- YOUR INSTRUCTIONS -
Nothing below is to be printed except the lines between the line holding "HO - Prefilatelia" and the line holding "Camiseta Stockholm Flamme", inclusive, each exactly as it appears.

[SOURCE MATERIAL — start]

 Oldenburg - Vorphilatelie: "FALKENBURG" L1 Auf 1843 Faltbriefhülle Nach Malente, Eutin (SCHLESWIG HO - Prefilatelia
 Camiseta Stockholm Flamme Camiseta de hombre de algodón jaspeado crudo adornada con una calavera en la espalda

[SOURCE MATERIAL — finish]
[SOURCE MATERIAL — start]

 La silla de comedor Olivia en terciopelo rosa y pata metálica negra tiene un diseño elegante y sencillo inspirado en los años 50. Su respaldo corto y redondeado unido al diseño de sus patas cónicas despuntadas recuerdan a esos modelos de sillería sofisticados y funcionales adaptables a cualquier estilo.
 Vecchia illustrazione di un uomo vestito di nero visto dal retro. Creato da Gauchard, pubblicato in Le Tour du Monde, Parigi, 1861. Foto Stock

[SOURCE MATERIAL — finish]
[SOURCE MATERIAL — start]

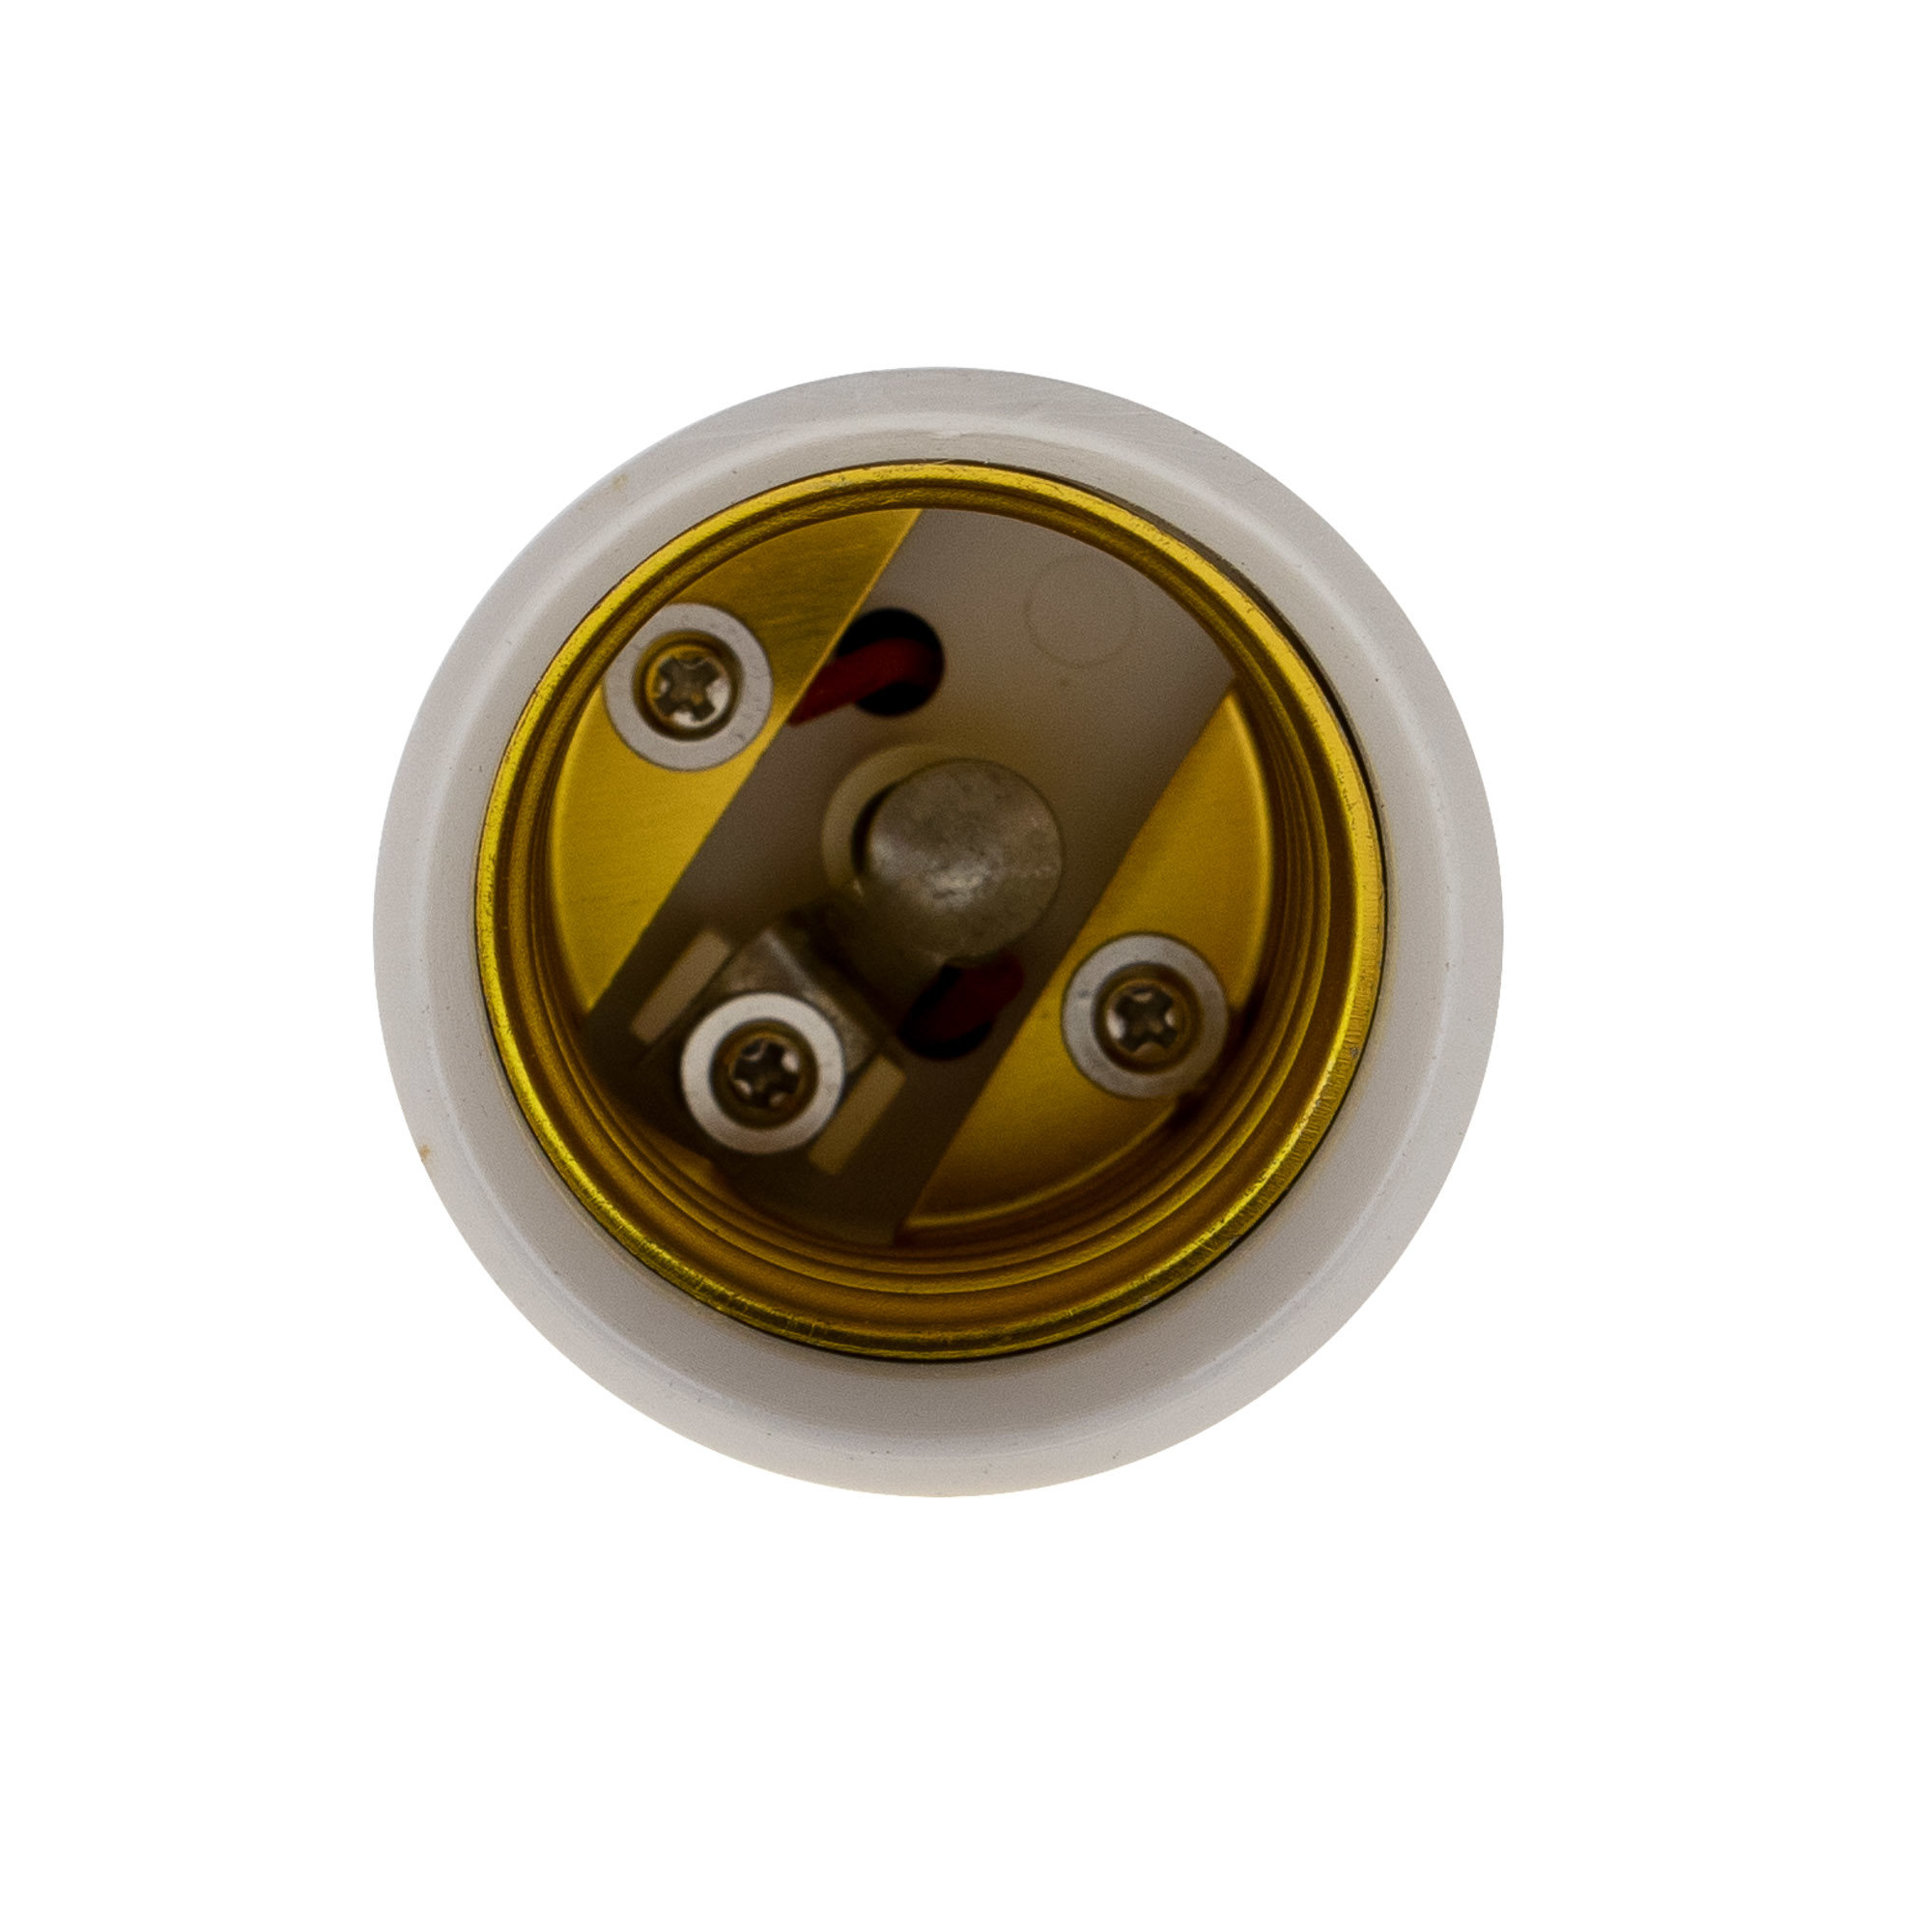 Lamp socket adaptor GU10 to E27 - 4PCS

[SOURCE MATERIAL — finish]

- FINAL ANSWER -
 Oldenburg - Vorphilatelie: "FALKENBURG" L1 Auf 1843 Faltbriefhülle Nach Malente, Eutin (SCHLESWIG HO - Prefilatelia
 Camiseta Stockholm Flamme Camiseta de hombre de algodón jaspeado crudo adornada con una calavera en la espalda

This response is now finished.